Suzanne Clark of the Chamber of Commerce noted that companies were worried about health liability as they open up, and even after the pandemic subsides. That could be a drag on growth, she said:
“We continue to hear from small businesses that are really concerned about liability. And there’s a precedent, we did it after 9/11, where there can be very targeted, very temporary, very focused liability protections for businesses that open up, following the current public health guidelines, doing everything they possibly can to keep people healthy. I’m not talking about bad actors, but people who are really doing everything that we currently know to do to keep people healthy, and opening their doors. They’re really concerned that at the end of the day they’re going to wake up and have this whole other reason to go bankrupt when they’re sued over it.”
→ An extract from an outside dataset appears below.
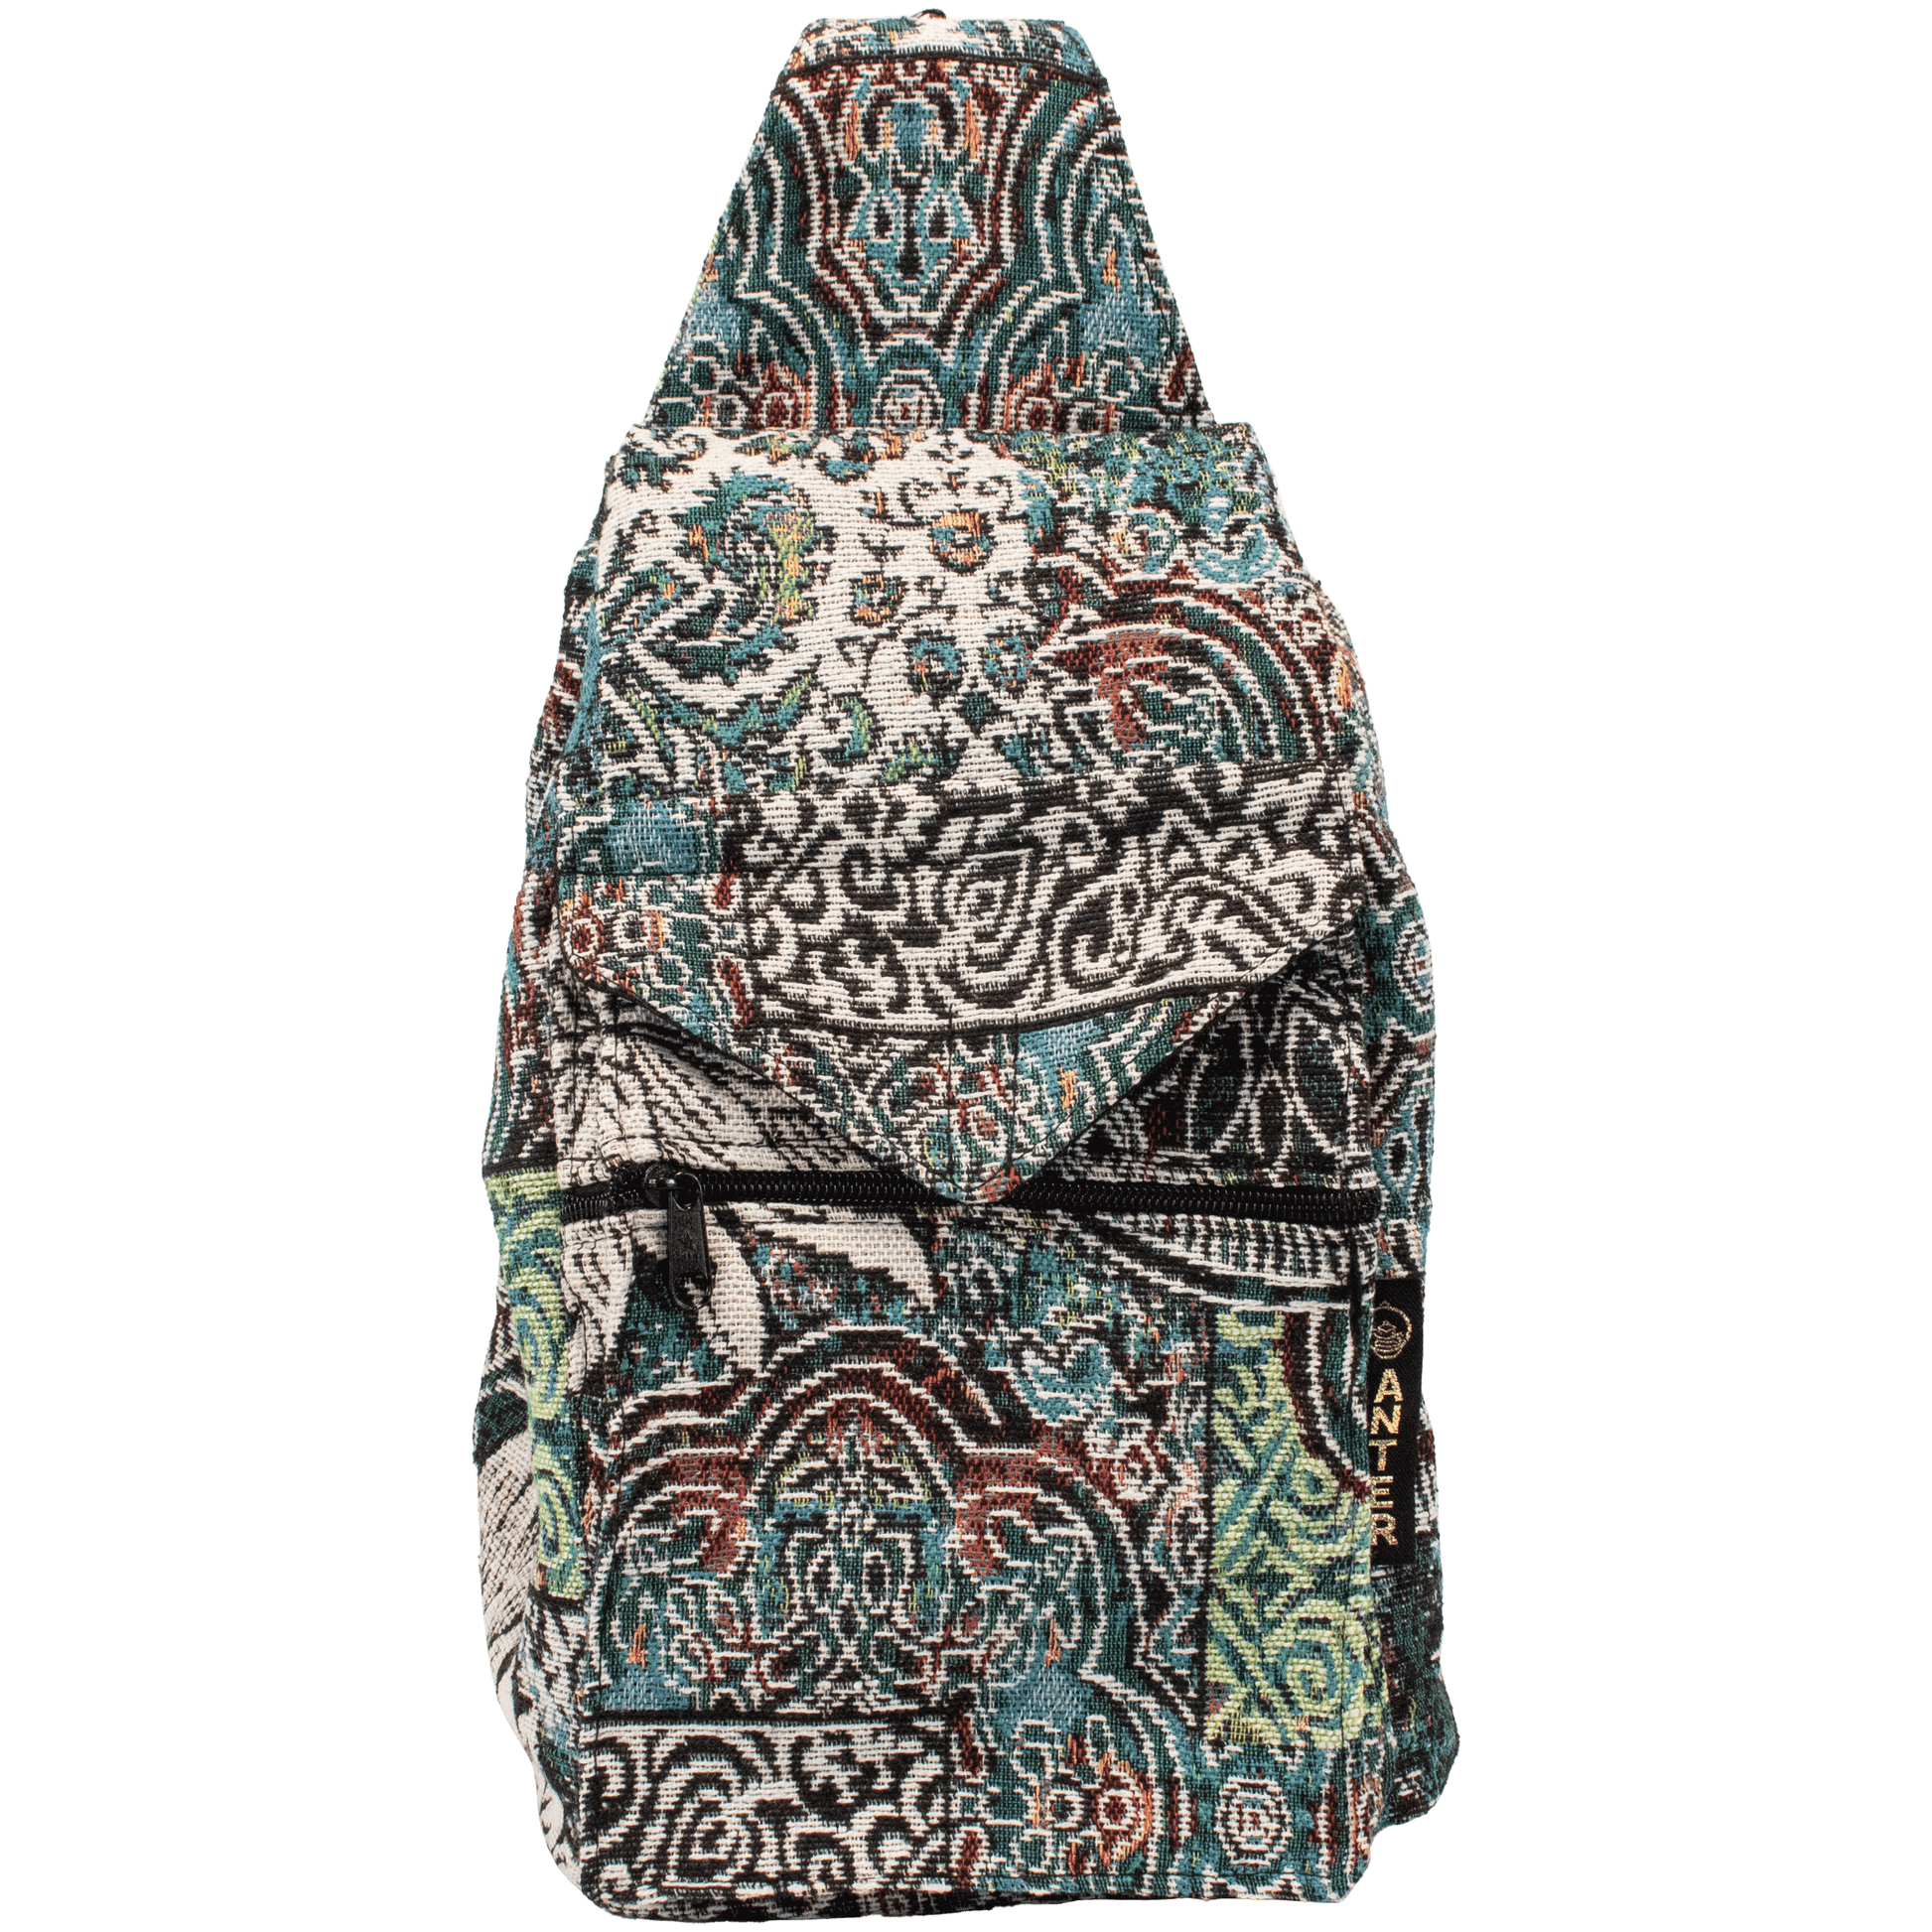 Convertible backpack shoulder bag black blue red floral and multi-pattern design

To jump start the economy and bring a divided nation back together, invest in infrastructure.
The pandemic revealed the places where America’s technological infrastructure had grown worn and thin, from communities that lacked the broadband access needed for online work and learning to government systems that buckled under demand for virus tests. Investment in infrastructure has long been an issue with bipartisan support, and offers the opportunity to directly employ people while improving communities.
“At a time when agreement on common things is not abundant, I would start there,” said Félix V. Matos Rodríguez of the City University of New York. He laid out a vision for infrastructure spending that his fellow experts endorsed, and tied together many of the themes addressed throughout the discussion:
“It has the advantage that it touches upon many of the subjects that we discuss here — in the ways that you can do it, in terms of bringing additional wealth equality and things like that. There are the obvious things, which everybody mentions when they think about infrastructure, which are roads, tunnels and things like that. I think that you have to add our I.T. infrastructure, which in the pandemic we saw how reliant we are on it and how those gaps really come back to haunt us, for the business community, for the educational community, for all sectors of society and the economy.”